State Key Laboratory of Separation Membranes and Membrane Processes, School of Chemical Engineering and Technology, Tiangong University, Tianjin, 300387, P. R. China.
Anal Methods. 2021 Mar 21;13(11):1374-1380. doi: 10.1039/d1ay00017a. Epub 2021 Mar 2.
Ensemble modeling has gained increasing attention for improving the performance of quantitative models in near infrared (NIR) spectral analysis. Based on Monte Carlo (MC) resampling, least absolute shrinkage and selection operator (LASSO) and partial least squares (PLS), a new ensemble strategy named MC-LASSO-PLS is proposed for NIR spectral multivariate calibration. In this method, the training subsets for building the sub-models are generated by sampling from both samples and variables to ensure the diversity of the models. In detail, a certain number of samples as sample subsets are randomly selected from training set. Then, LASSO is used to shrink the variables of the sample subset to form the training subset, which is used to build the PLS sub-model. This process is repeated N times and N sub-models are obtained. Finally, the predictions of these sub-models are used to produce the final prediction by simple average. The prediction ability of the proposed method was compared with those of LASSO-PLS, MC-PLS and PLS models on the NIR spectra of corn, blend oil and orange juice samples. The superiority of MC-LASSO-PLS in prediction ability is demonstrated.

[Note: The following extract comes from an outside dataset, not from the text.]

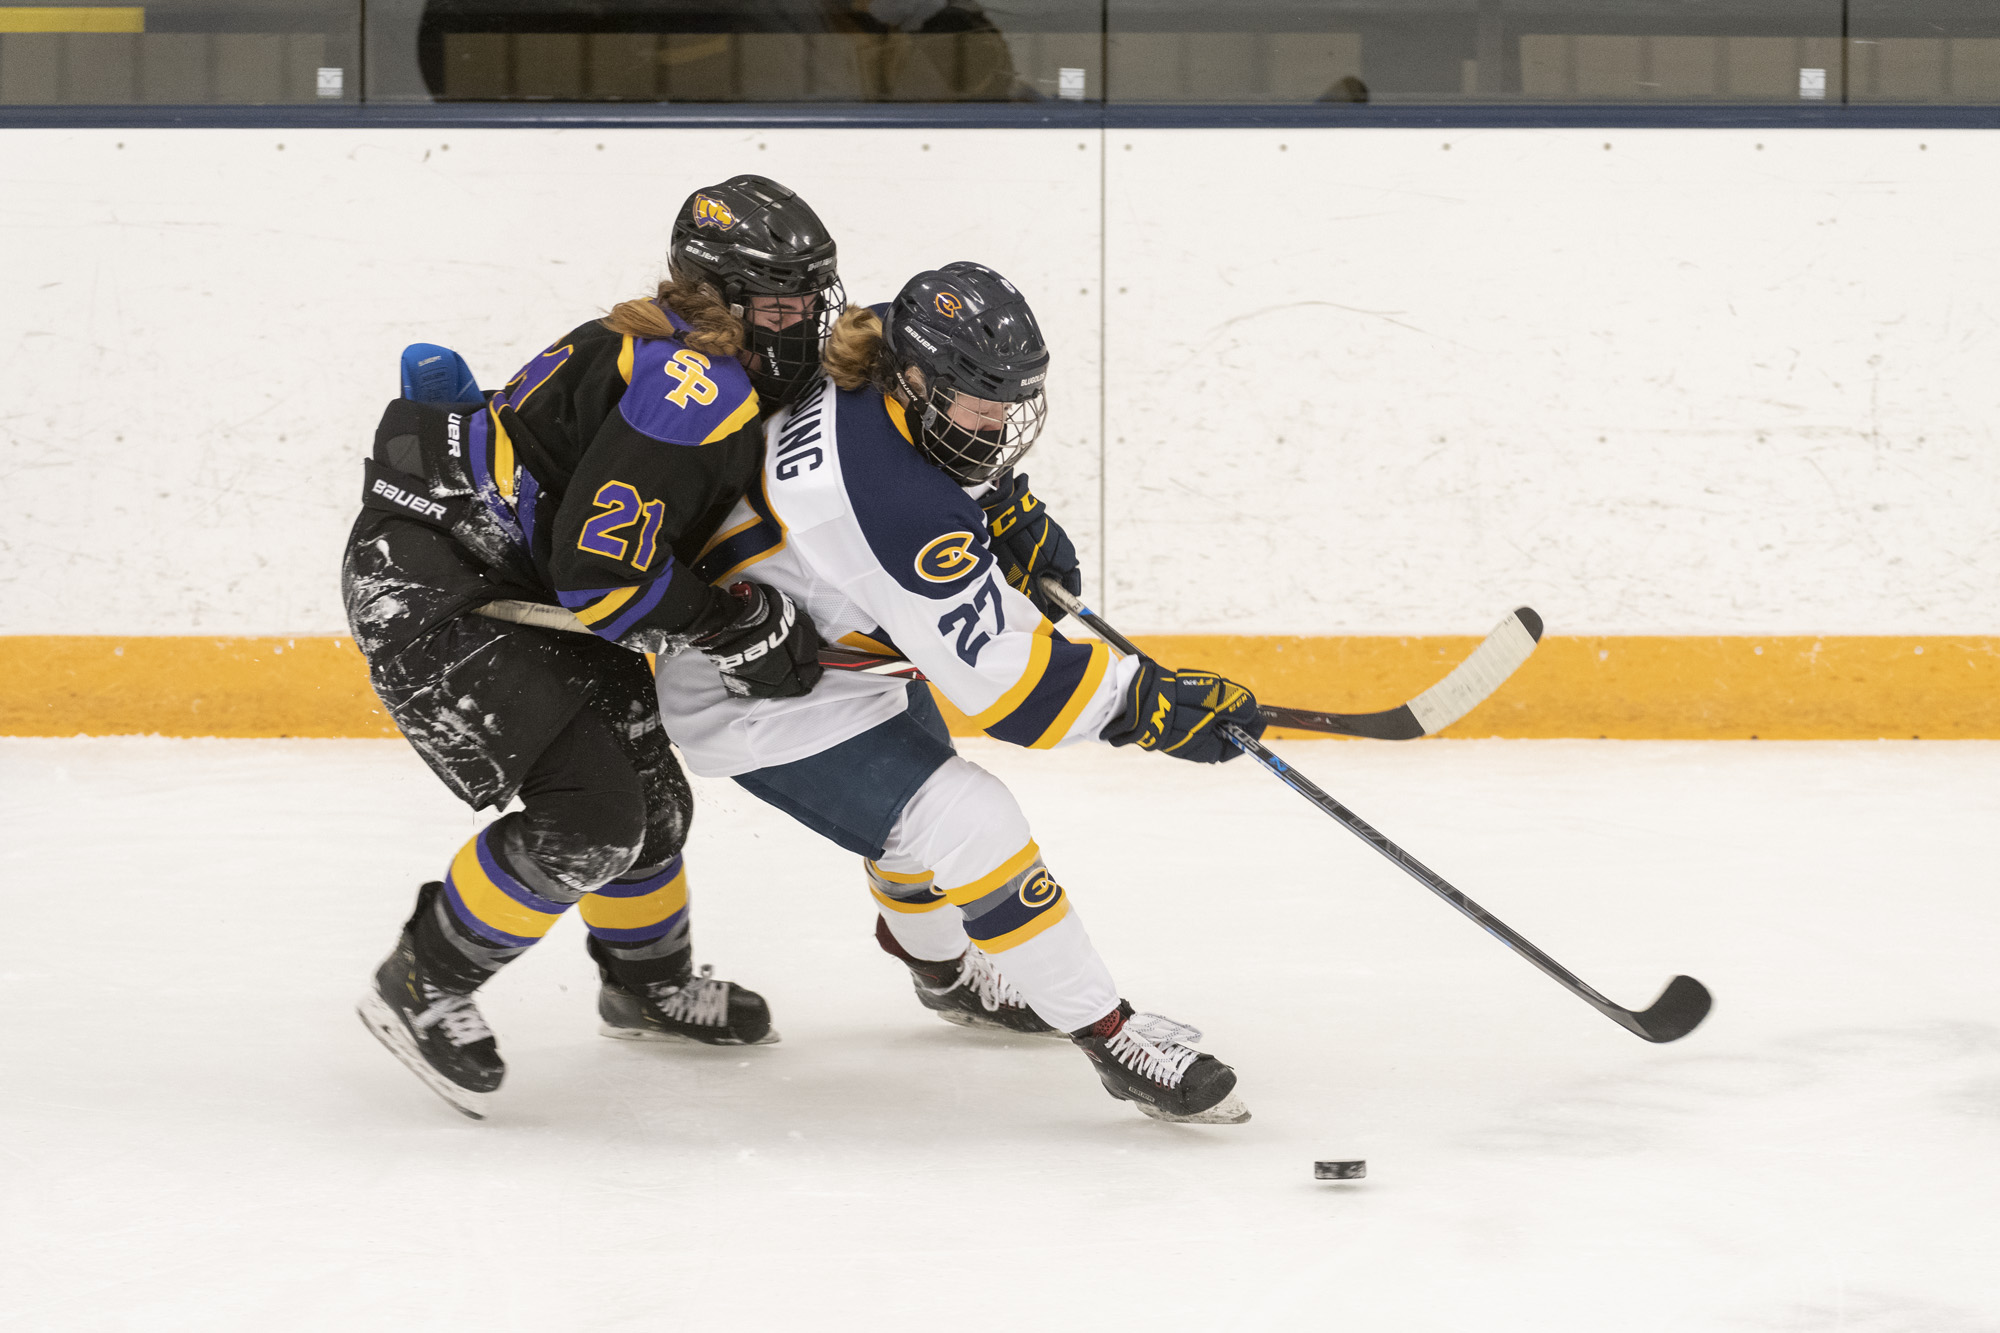 Women's Hockey downs River Falls, improves to 6-0-1

基于蒙特卡罗(MC)重采样、最小绝对值收缩和选择算子(LASSO)以及偏最小二乘法(PLS),提出了一种新的用于近红外(NIR)光谱多元校准的集成策略,称为 MC-LASSO-PLS。在该方法中,通过从样本和变量中同时进行采样来生成用于构建子模型的训练子集,以确保模型的多样性。具体来说,从训练集中随机选择一定数量的样本作为样本子集。然后,使用 LASSO 对样本子集的变量进行收缩,形成训练子集,用于构建 PLS 子模型。该过程重复 N 次,得到 N 个子模型。最后,通过简单平均使用这些子模型的预测结果来生成最终预测。将所提出的方法的预测能力与玉米、混合油和橙汁样品的 NIR 光谱上的 LASSO-PLS、MC-PLS 和 PLS 模型的预测能力进行了比较,证明了 MC-LASSO-PLS 在预测能力方面的优越性。